Mathematically, we can’t simply reposition things and say that’s how the world operates. These adjustments have to be proven, which is why Einstein needs the spherical wave proof. Although we have already shown that the proof fails, we continue to proceed with the understanding that Einstein believes his proof worked. This means he must explain the mathematical relationship between the length the moving observer measures, *x’*, and the length the stationary observer measures, the *average intercept length.* This relationship is defined by the *average intercept length* equation:

*ξ = x’ / (1 – v ^{2} / w^{2} )*

or, when specifically discussing a ray of light traveling through an electromagnetic vacuum:

*ξ = x’ / (1 – v ^{2} / c^{2} )*

The *average intercept length* will always be greater than the *segment length* *x’* when the moving system is in motion.

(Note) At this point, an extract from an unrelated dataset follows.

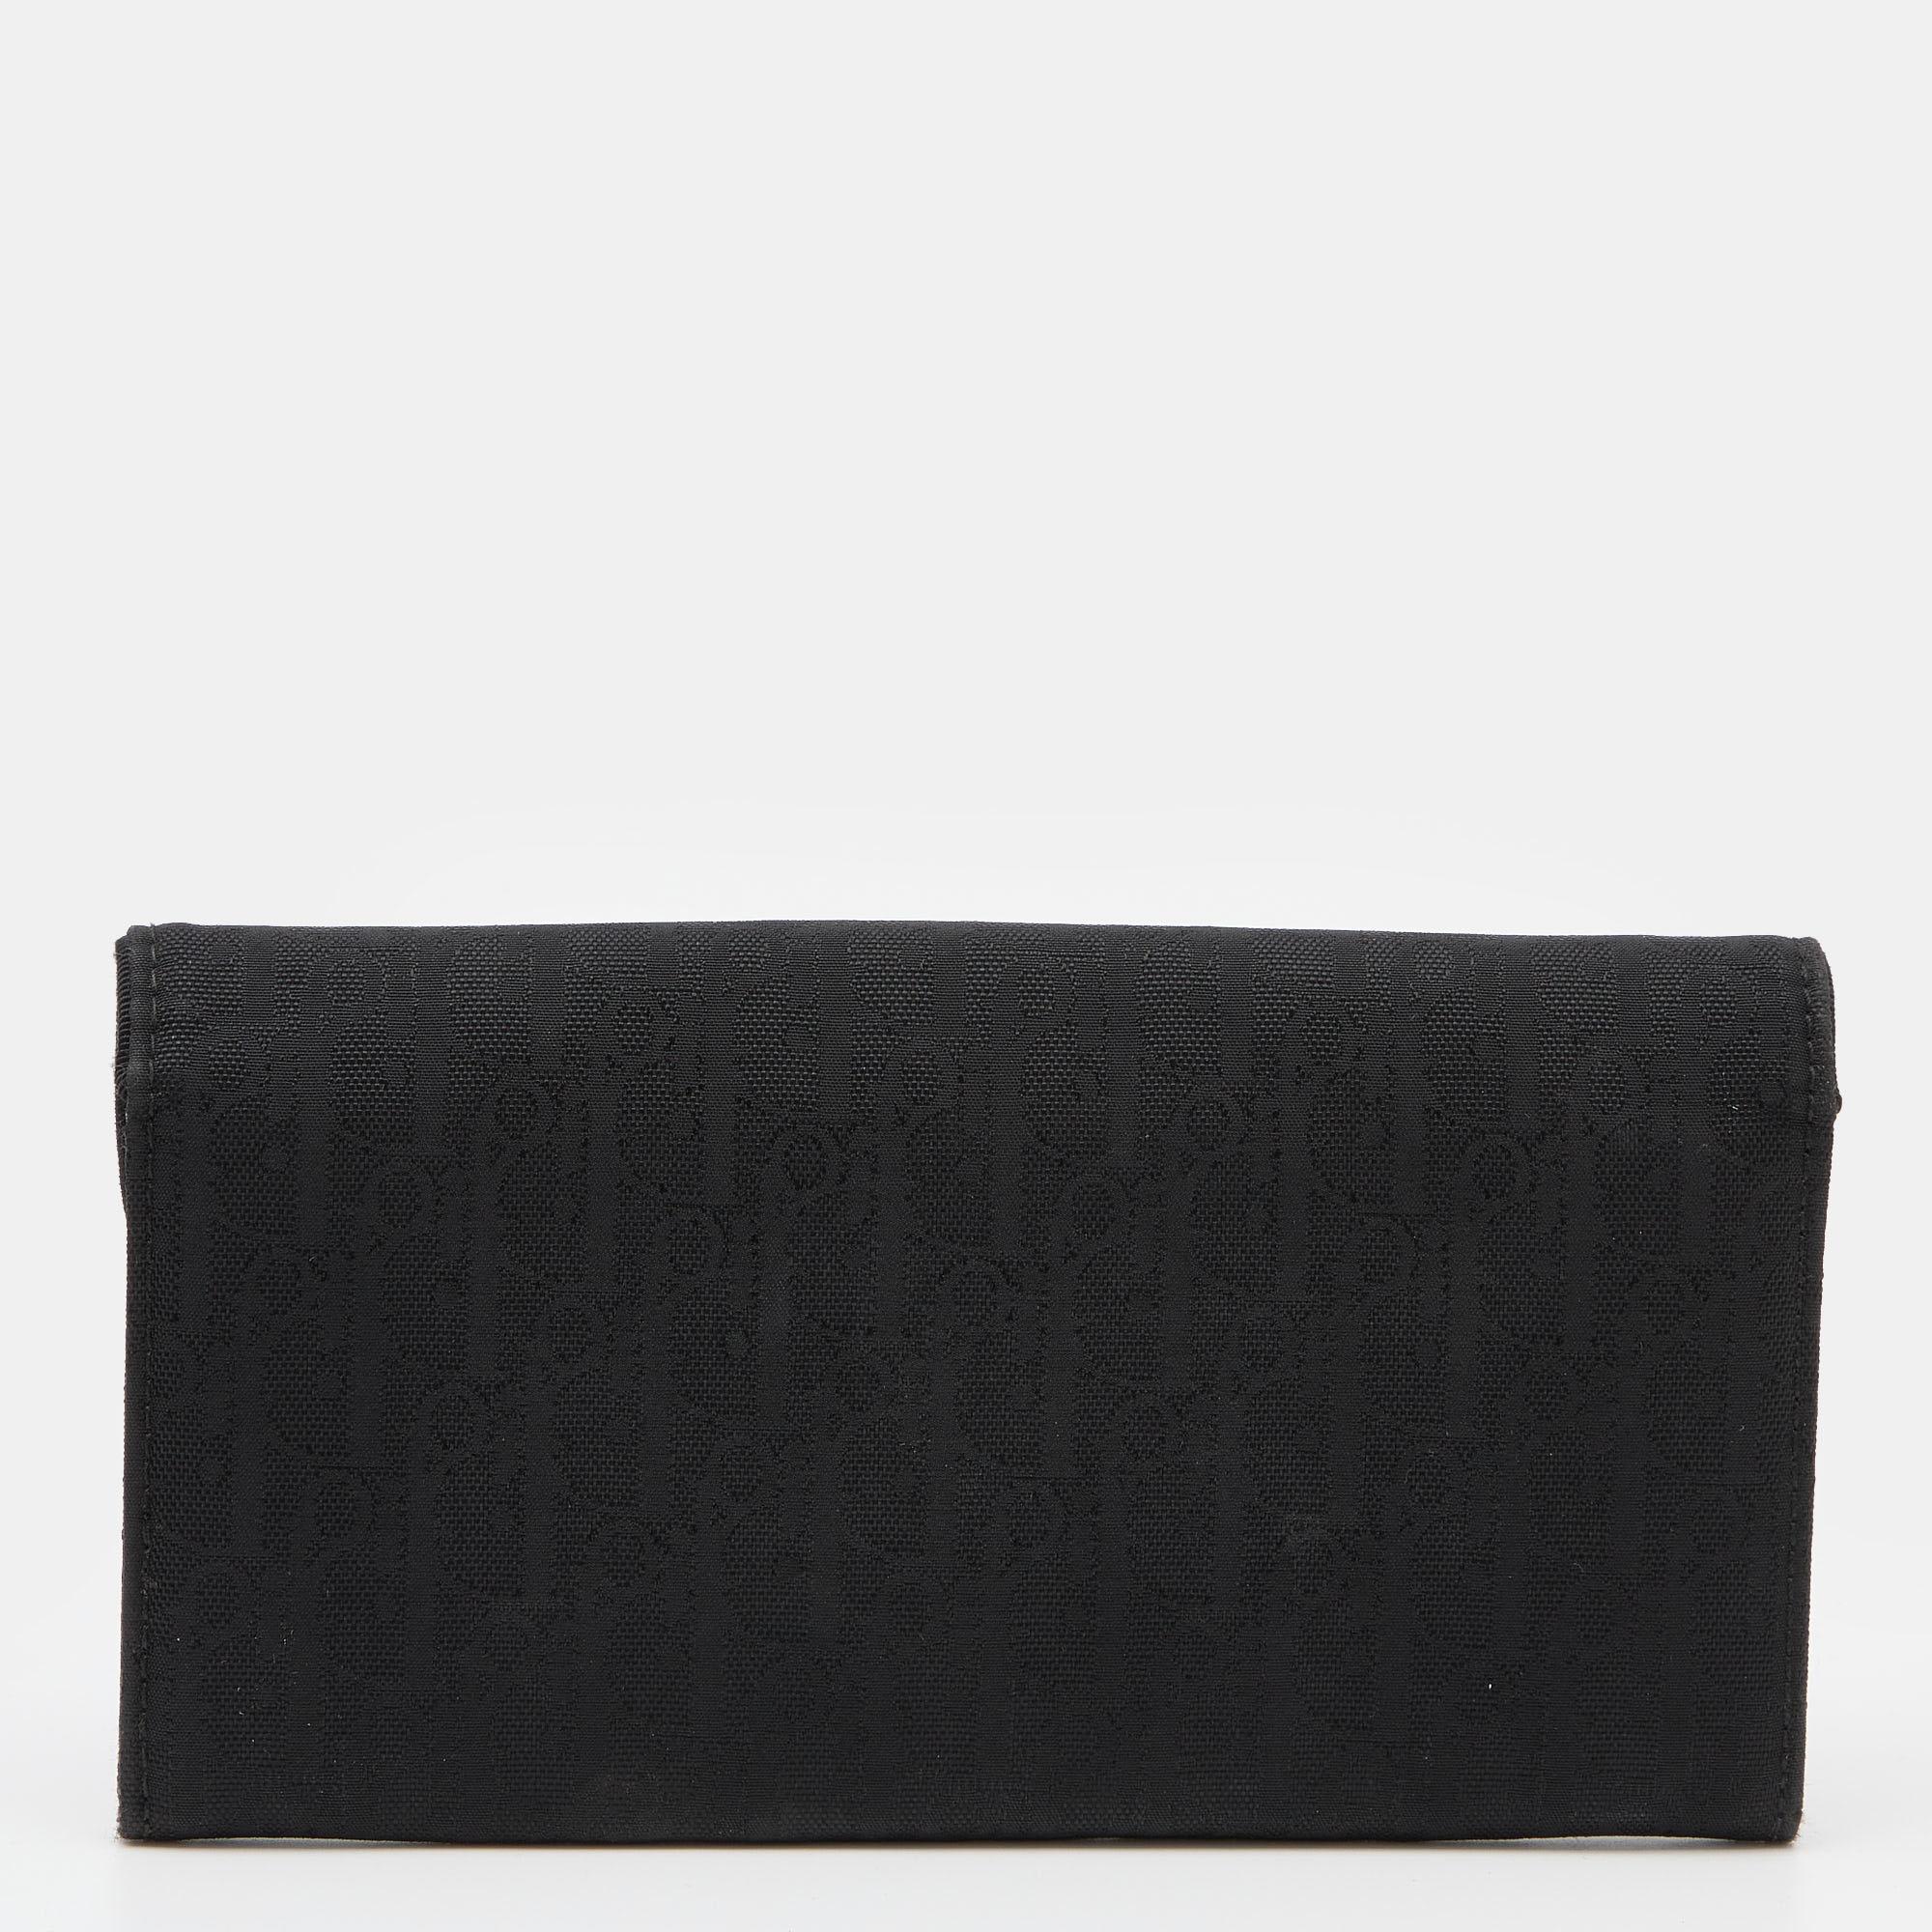 Covered in the brand's signature Oblique canvas, this Dior wallet has a classy essence. Lined with fabric, its interior is divided into different compartments to keep your monetary essentials safe. It features the brand signature on the front flap

The relationship where the length of the bus (eg, the original *segment length)* *x’ *is always less than the *average intercept length* is what Einstein refers to as **length contraction**.

#### Observation 4 – The jogger moves at velocity *w*

When the bus is stationary, the moving observer determines that the jogger runs at velocity *w*. So to remain aligned with both postulates, he must conclude that the jogger is still running at velocity *w* when the bus is moving at velocity *v*.* *Scientists who argue against relativity theory often correctly state that the jogger is moving at the apparent velocity* w – v. *While true, the use of this expression as the velocity of the jogger would violate the first postulate. To remain internally consistent with the use of relative measurements and align with his postulates, Einstein accepts that both observers believe that the jogger is moving at velocity* w*. In such a case, the moving observer would need to treat *v* as if it were zero. In fact, this is why many scientist argue that experiments like the Michelson–Morley experiment must produce a 0km/s result. Regardless of whether you believe the assumption is correct, you must accept it as Einstein’s approach.

If, from the perspective of the moving observer, the jogger has traveled a distance of *x’* and is moving at velocity *w*, then the amount of *time** *required for her to run this distance is simply length divided by velocity. Using variables and expressions that Einstein’s attributes to the moving system:

*τ = ξ / w*

or

*τ* = x’ / (1 – v^{2} / w^{2} ) / w

As discussed above, when discussing the electromagnetic force *w* is replaced by *c* in the equations. When the bus is moving at velocity *v*, the *average intercept time* will always be greater than the amount of time the jogger needs to run the *segment length* *x’* (aka, the *segment time*).* *This relationship where the *average intercept time *is greater than the *segment time* is called: **time dilation**.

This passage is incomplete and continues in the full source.